Father Vincent Twomey
Effectively, they've been a self-perpetuating mediocracy over the years - in general it has been a matter of power and holding onto power
Fr Vincent Twomey
Moral theologian

"That was the last straw for me as well."

Andrew Madden's last straw was many years ago. He was sexually abused by a priest when he was just 12.

A campaigner for victims, he believes the Catholic Church has lost its moral authority - the only authority it should ever have had.

"They'll always have a certain rump of support in the country, but for many informed people, the lack of accountability and the arrogance that we've seen has led to their moral authority no longer existing.
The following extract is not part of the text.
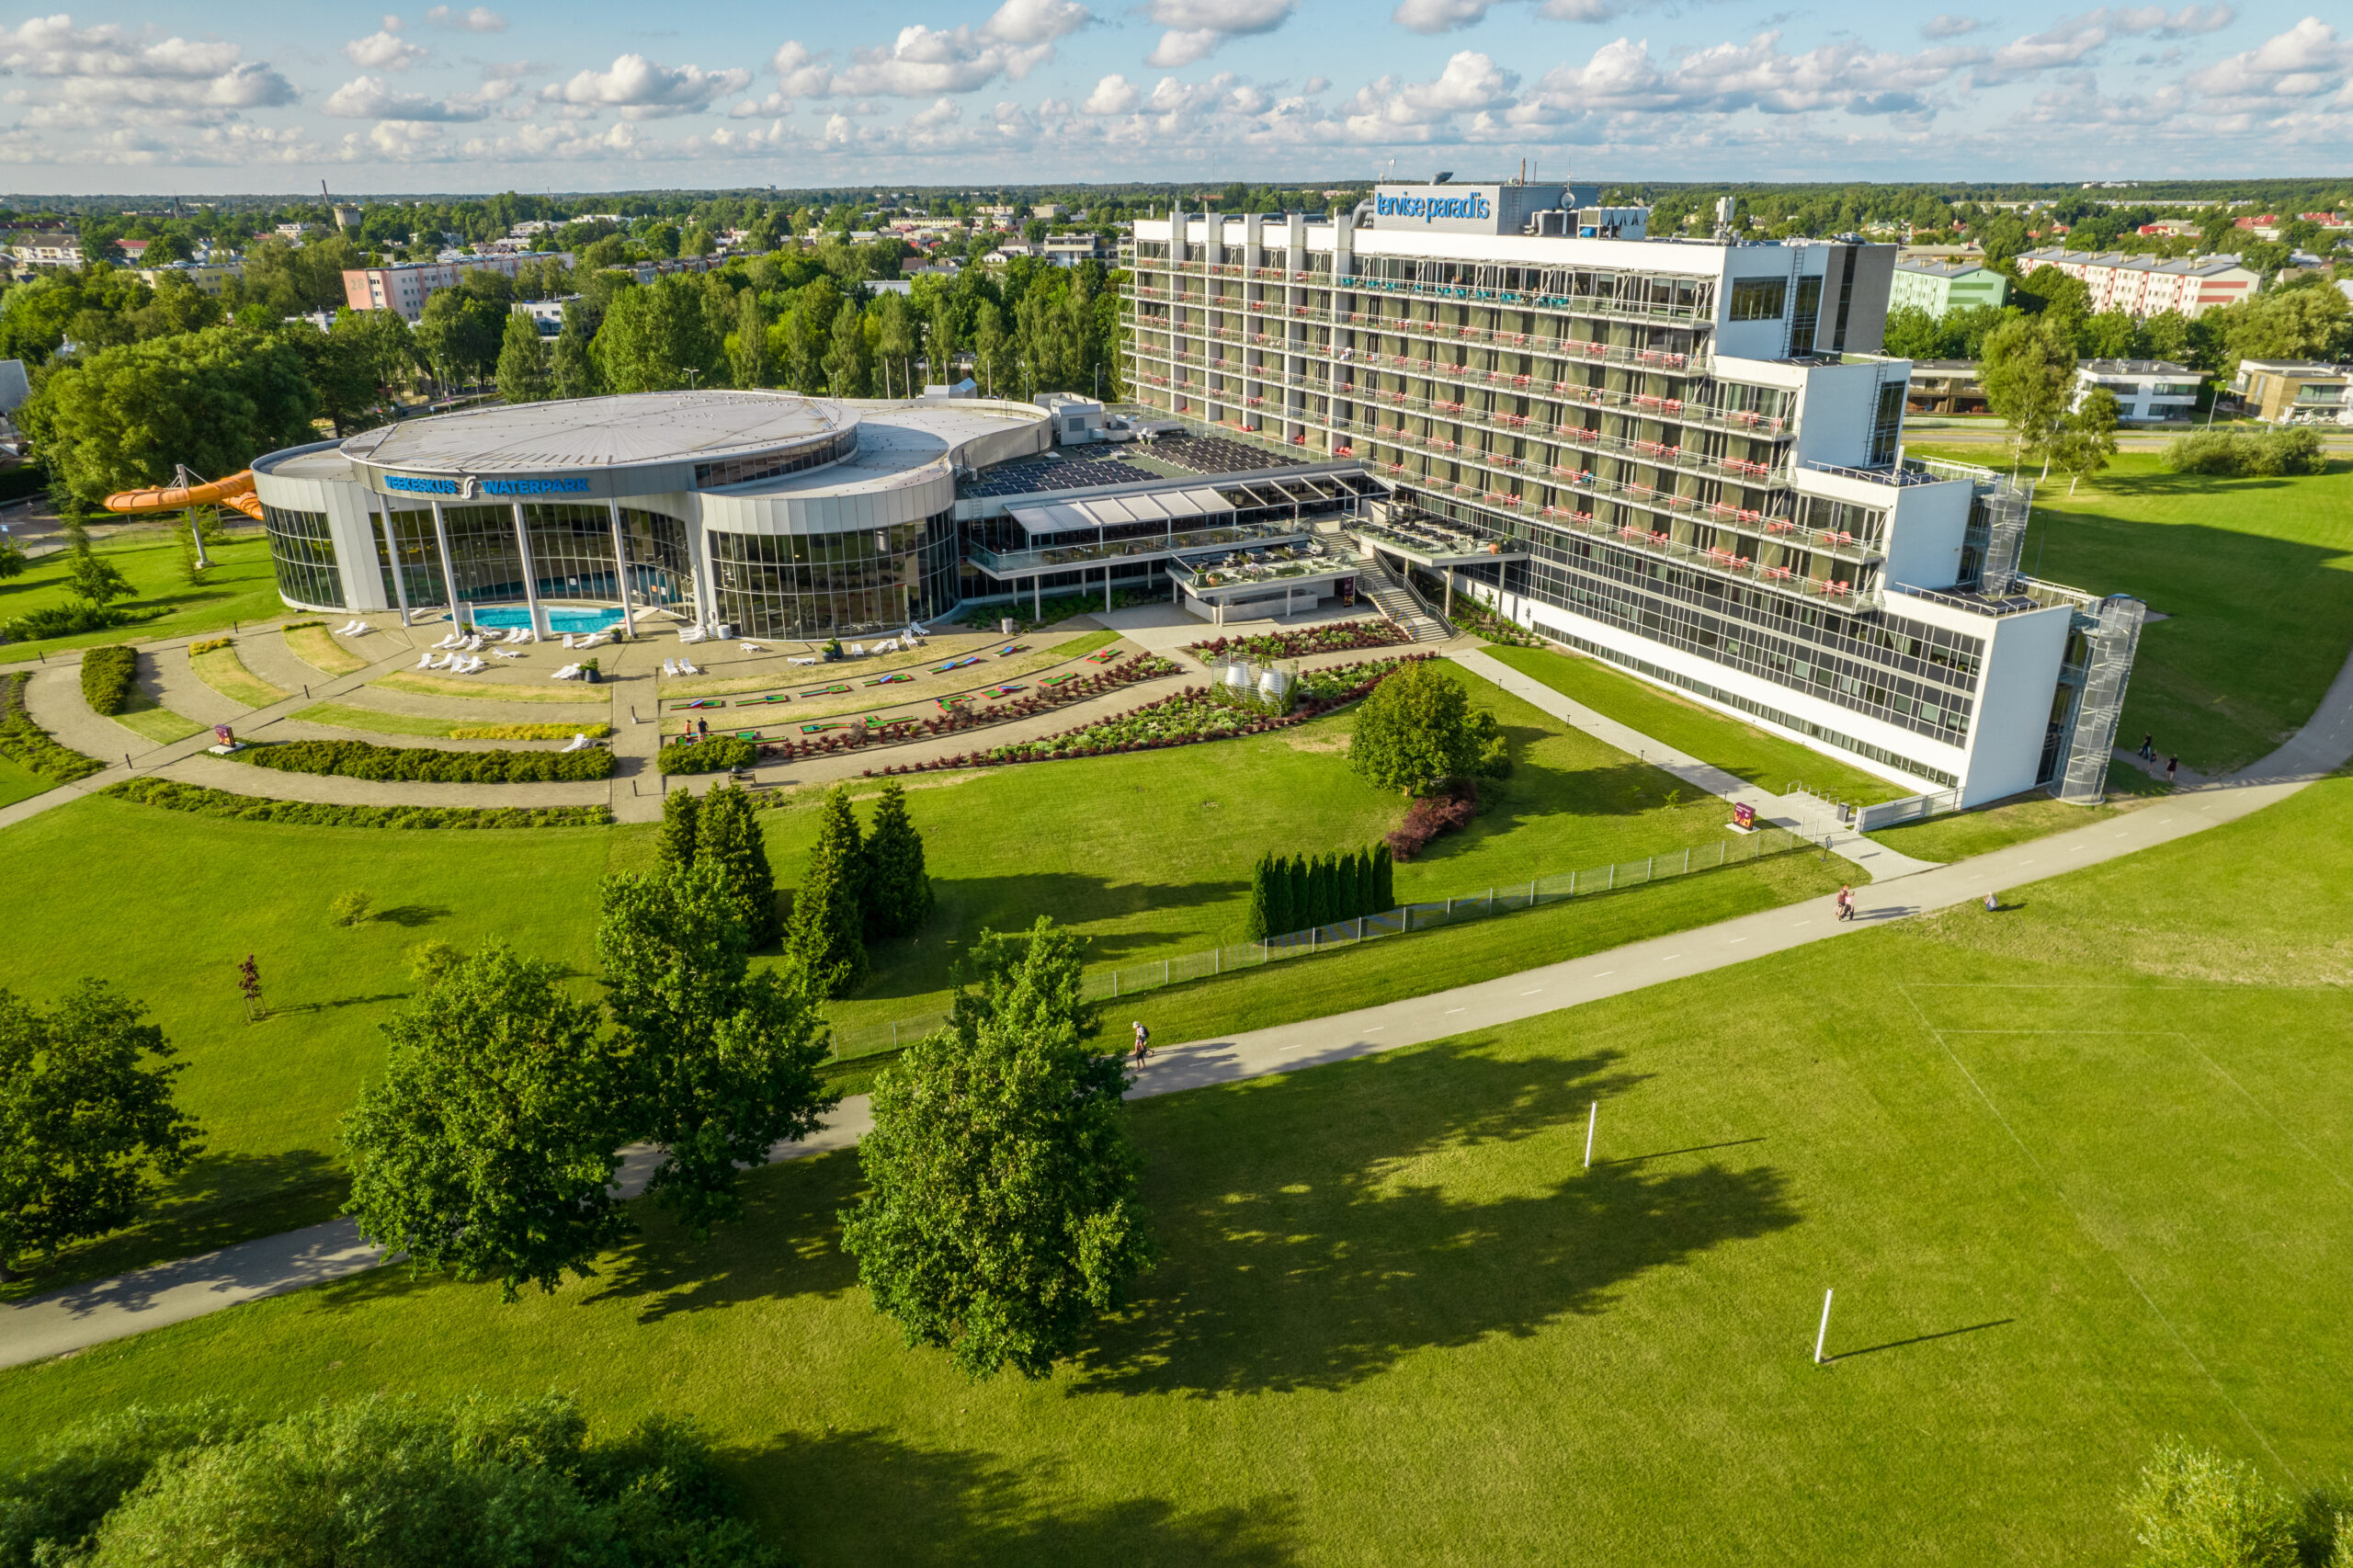 Parima lõõgastava puhkuse veetmiseks ootab Teid Pärnu mererannal asuv 4-tärni hotell.

"There will be wider implications. There's clearly a huge debate going on about the role the Catholic Church has in our publicly-funded services, like health and education."

The Irish constitution allows parents to choose their children's type of schooling.

Brian Hayes, the education spokesman for the main opposition party, Fine Gael, believes now is the time for discussion on the necessary changes that will result in reduced Catholic influence, while also respecting parents' choice.

"Ninety-three per cent of all our primary schools are effectively Catholic religious schools and I think the church itself would admit that's far too many, given the composition of Irish society," he said.

"So, what we do need is a public debate on this."

Much-changed Ireland

With talk of further inquiries into how dioceses across the island handled cases of clerical sex abuse and discussion of further resignations by bishops, Fr Vincent Twomey believes there should be root-and-branch reform inside the hierarchy.

"These bishops, 33 of them, far too many of them whose greatest distinction is their incompetence. There are very fine exceptions.

"Effectively, they've been a self-perpetuating mediocracy over the years - in general it has been a matter of power and holding onto power.

"What that has to do with the Gospel is quite secondary."

The last few months have been difficult for the Catholic Church, but with the issues of clerical child sex abuse still very much in the news the next few months are unlikely to be any easier.

The church is still coming to terms with a much-changed Ireland where age-old deference is increasingly a relic of a past era.